3.1 Power Motives and Achievement Motives
Power motives refer to the peoples’ pursuit of control over others by means of increasing source of power, and this is particularly serious in some top managers in merged companies (Schmalt, 1987, cited in Carsten Lausberg and Teresa Stahl, 2008, p.6). With the possibility of a higher position through mergers, it is no wonder that these managers will often support the proposal of mergers. Usually, after mergers, these newly combined companies will have a bigger size. More workers will add into different teams or departments for mangers to supervise. These things are what the managers seek for. Through this way, they have got a continuous increase of power.
It is common to see that a person will be judged successful or unsuccessful by various criterions. Hence, achievements become the most vital thing for some managers. Since it may be the fastest and most efficient way to enlarge companies’ size and improve companies’ value though mergers, most managers who have the achievement motive will let companies go to merge. Furthermore, merger is a highly complex and energy consuming thing and people will recognize the managers of successful mergers. Therefore, a person with a strong achievement motive will take the risk of pushing companies to merge (Carsten Lausberg and Teresa Stahl, 2008, p.7).
However, the reason why these two motives and motives like that are not main reasons for companies’ mergers is that, in nowadays companies, decisions are made by the whole members of the Board. Any single man could hardly affect the entire Board of directors’ opinions about decisions except for family firms or totally private companies. In addition, according to Gaughan (2007), mergers often take place in companies that have a good corporate governance structure and a clear responsibilities’ right of shareholders, board of directors, board of supervisors, managers. Hence, it is less common to see mergers with these personal motives.
3.2 Political Motives
It is difficult to find one accurate definition for political motives. In general, however, people regards political motive as a motive which aims to serve for politics. Sometimes, politicians need more economic successes to earn more votes. For instance, in order to enable the Chinese people to enjoy more about the telecom service, in 2008 the Chinese government decided to make several mergers among the six largest state-owned telecom companies including China Mobile, China Unicom, China Telecom, China Netcom, China Tietong, and China Satcom (Xinhua News Agency, 2008).
However, it is hard to see mergers with political motives. This is because, primarily, political motives’ mergers often occur in the countries which have a similar political system like China. There are less of them in the world. Secondly, even though this situation happens, the core of a merger with a political motive is also the economic success.
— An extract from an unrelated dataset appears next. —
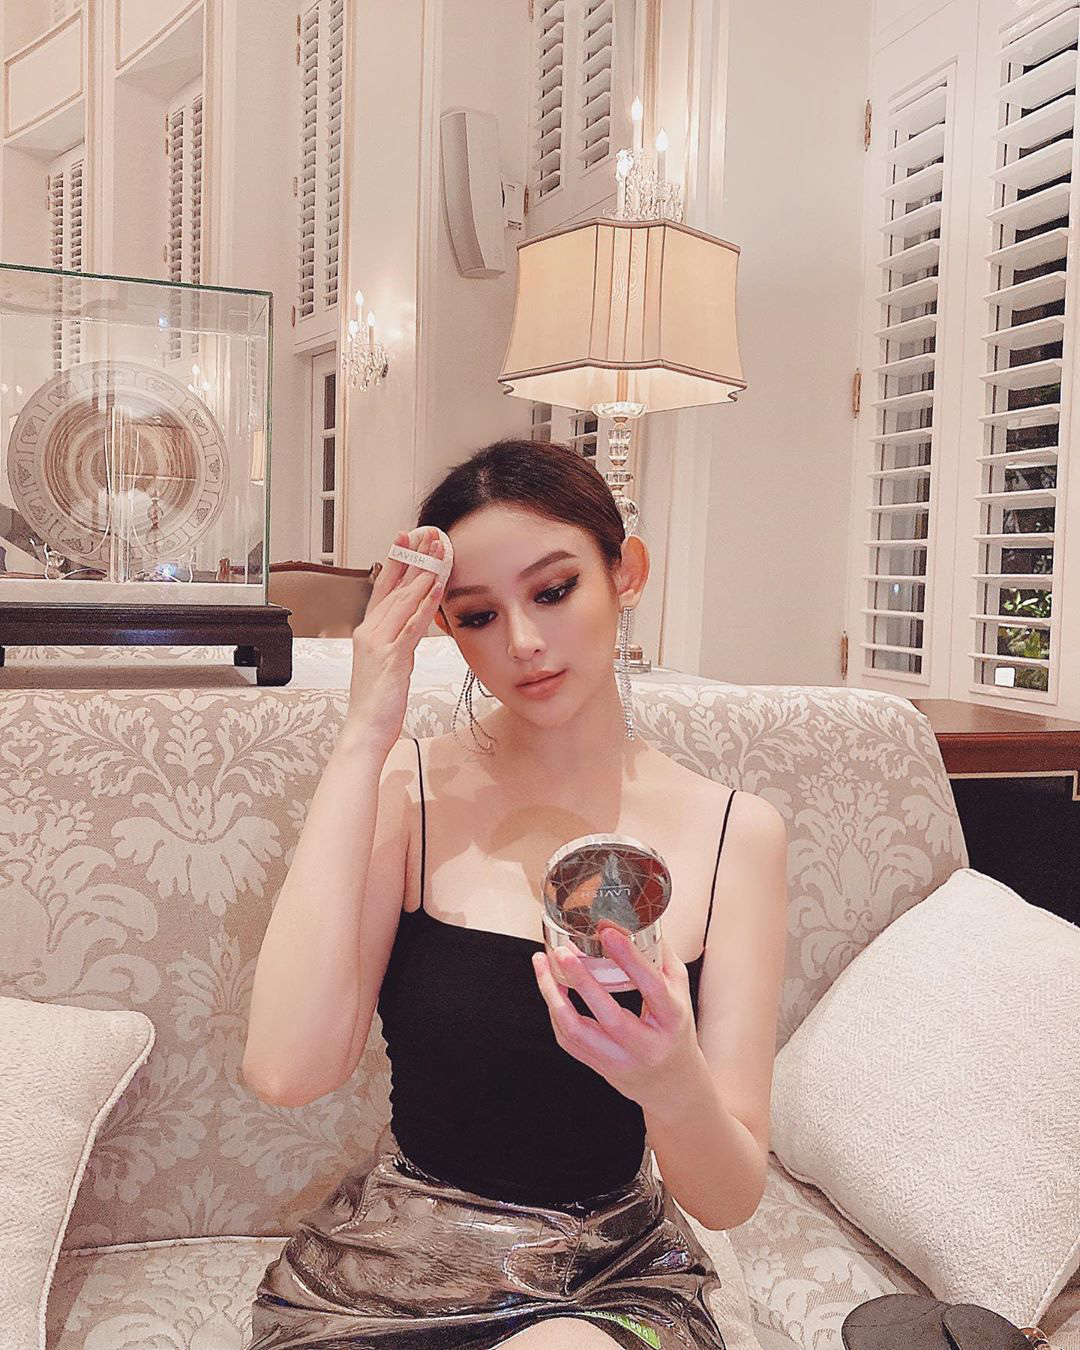 """Dàn hot girl Hà thành đời đầu """"đổi đời"""" thành hot mom giàu có, sang chảnh sở hữu nhà trăm tỷ - Ảnh 2."""

Hence, the political motive is, actually, an economic motive.
Non-economic motives can either be some personal motives or the alias of economic motives, thus, they will not be seen as the sound motives.
In conclusion, this essay has attempted to demonstrate that economic motives are the main reasons for different companies’ mergers. Despite the fact that some people argue that there are some potential risks among these economic reasons, focusing on negatives, the positives of these economic motives stand out. Furthermore, it is also true that various successful examples have shown the importance of these economic motives that have been discussed above. This is why, in recent years, more and more researchers have put their effort to study the topic of M&A. Economic motives are not only the first step of merging, but the root of mergers, although, in the process of a merger, there will a great amount of works to be done in future.
Currently, after the global financial crisis, there is another trend for companies seeking for mergers. How to avoid the potential risks of these economic motives and transfer them to the real profits is an issue that is open to question.